Betanzos: Guía de la capital gótica y su famosa tortilla

En el corazón de la comarca de las Mariñas Coruñesas se alza Betanzos, una ciudad cuyo legado histórico resuena en cada una de sus empinadas calles empedradas. Betanzos España, conocida como una de las siete capitales del antiguo Reino de Galicia, su casco antiguo fue declarado Conjunto Histórico-Artístico, un testimonio vivo de su esplendor medieval.
Este municipio gallego no solo atesora un patrimonio monumental excepcional, que le ha valido el título de Capital del Gótico Gallego, sino que también es el epicentro de una revolución gastronómica. Betanzos que es un destino ideal tanto para los amantes de la historia como para los de la buena mesa.
La fama de Betanzos trasciende sus murallas gracias a un plato que ha elevado a la categoría de arte: su icónica y cremosa tortilla, un manjar que atrae a visitantes de todo el mundo.
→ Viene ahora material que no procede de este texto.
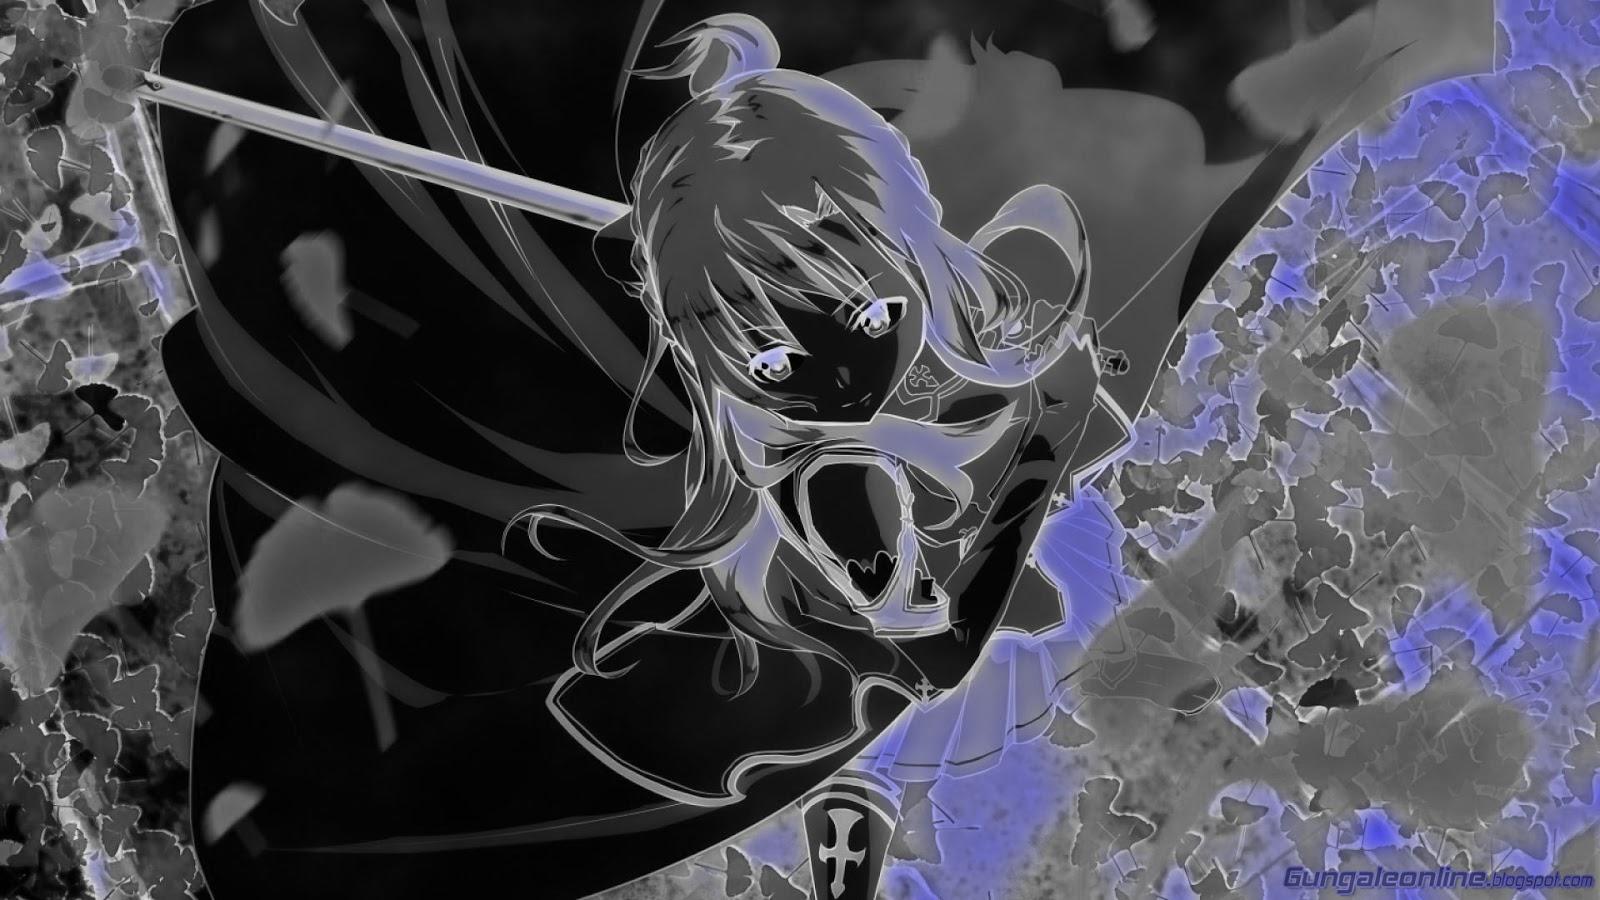 wallpapers Neon Grow Gun Gale Online Anime Mobile Wallpaper HD 1600x900

Esta tortilla es un símbolo de la ciudad, representando su rica tradición culinaria.
Recorrer Betanzos es emprender un viaje en el tiempo, desde sus puertas medievales y sus iglesias góticas hasta sus pazos barrocos y sus animadas plazas. Es una experiencia que combina la admiración por la piedra labrada con el placer de una de las mejores creaciones culinarias de España, ofreciendo una visita completa y memorable.
Un Paseo por la Historia: El Casco Antiguo Medieval
El viaje al pasado de Betanzos comienza al cruzar el umbral de su casco histórico, un laberinto de rúas que ascienden desde la parte baja de la ciudad. La atmósfera medieval se siente de inmediato, protegida por los restos de una muralla que en su día defendió la ciudad y controló el flujo de personas y mercancías.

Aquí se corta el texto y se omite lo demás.